The Amazing Serengeti, Part 2

It is astonishingly beautiful here. The word “Serengeti” is a Maasai word meaning “Endless Plains” and they do just go on and on and on…. Leaving the camp this morning for today’s game drive, we saw more hyrax, including babies, a red-billed hornbill, and a Klipspringer, which is a little antelope that stands and walks on the front edge of its hooves so it looks like it’s tiptoeing around.  

As we drove, we saw these amazing little communal spiders who build a giant web together between the tress and the ground, and all hang out in it waiting for prey. You really don’t notice the huge webs until you drive past and they catch the sunlight. Each spider has its own little section. We also saw weaver bird nests, which hang down from the tree branches like funny-looking fruit and have their opening at the bottom. They tend to cluster a lot of nests in a single tree.

In my last post, I included a picture of wild morning glories. They were a beautiful and unexpected grace note scattered across the savannah. Of course we saw many animals and birds, including: wildebeests, zebras, both Thompson’s and Grant’s gazelles, wart hogs, ostriches, hawks, Nubian vultures, Crested Francolins, a Martial Eagle (which are very strong – they can take a small lion cub), hyenas, buffalo, hartebeests, topi (a colorful species of antelope), Ground Hornbills, elephants, and giraffes. But the highlight of the drive was our visit to Pride Rock, where the name refers to the pride of lions that has claimed it as their own. How many can you spot in this picture? And there were several more scattered around on the other side and on the surrounding ground. All snoozing in the sun, just like the cats they are.

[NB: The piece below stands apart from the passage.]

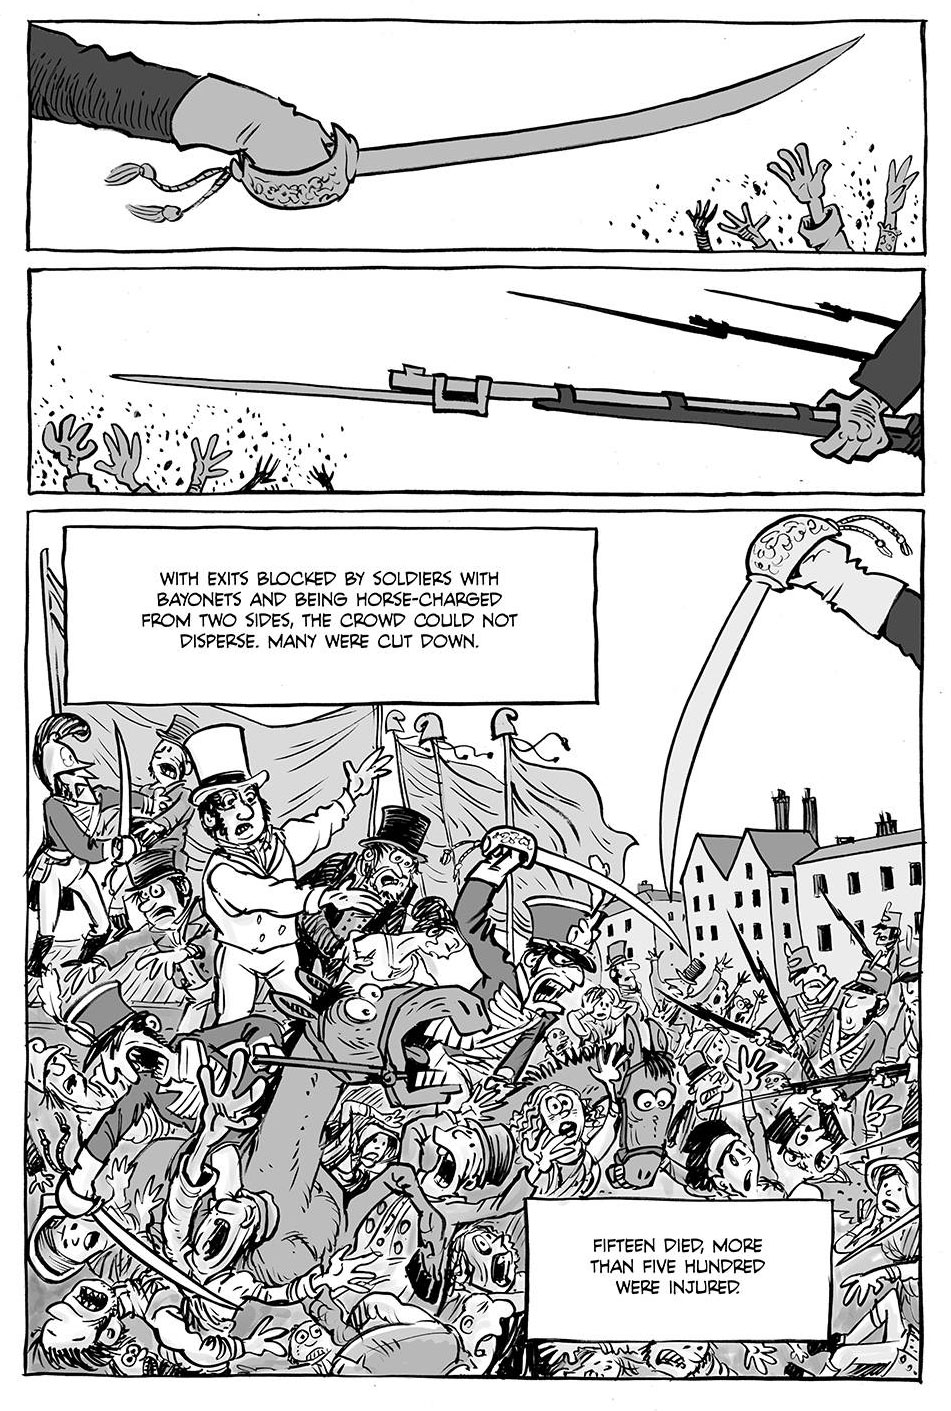 A page from the Peterloo chapter in Fight The Power, by Ben Dickson and Hunt Emerson

Lions sunning on Pride Rock

Lions sunning on Pride Rock

After spending some time with the lions, all three of our vehicles met up at the “Bone Tree” (my name for it) where three different skulls (lion, zebra, and mystery carnivore) and some animal’s spine were there for us to look at. We had some snacks and then moved on. As we went back past Pride Rock, we spotted one of the lionesses stalking a herd of zebras that were a few hundred yards away. She was downwind from them, like a good hunter, and kept flattening herself down into the tall grass every time they looked her way. Elphas, who is our guide for the whole trip, said they did not see her, because they did not spook and run, but they were moving away and she finally gave up. He also pointed out that she is hungry because you could see how her belly was sunken in. So we all got a little nervous when she walked right past our stopped vehicle on her way back to Pride Rock. He urgently told us, “DON’T MOVE” several times. And we did not, until after she had passed.

From there, we worked our leisurely way back to camp. Random observations:  

  • With the sun at our back, the tall grasses were silvery against the dark green trees on the horizon beneath the pale blue sky with puffy white clouds. Nature’s palettes can’t be beaten.
  • There are giant weathered rocks and boulders in isolated outcroppings (like Pride Rock) that almost look like someone placed them there. In fact they are clusters of metamorphic rock that long, long ago were underground, but have been gradually exposed over millennia of erosion. 
  • One type of fig tree grows on top of rocks and sends roots down around them into the ground.
  • Herd animals (gazelles, zebras, buffalo, topi, impalas, hartebeests) gather in twos and threes under shade trees in the heat of the midday sun.
  • Waterboks and Impalas are the only antelopes where the females don’t have horns. 
  • The horns of all the antelope species are ridged in some way, not smooth like cattle horns.

The last animals we saw as we approached camp were a herd of elephants, including several females with tiny babies, less than a year old. The babies were so adorable! One of them actually waved his little ears at us just like mama. 

We had one more outing after that, but I’ll save that story for another post.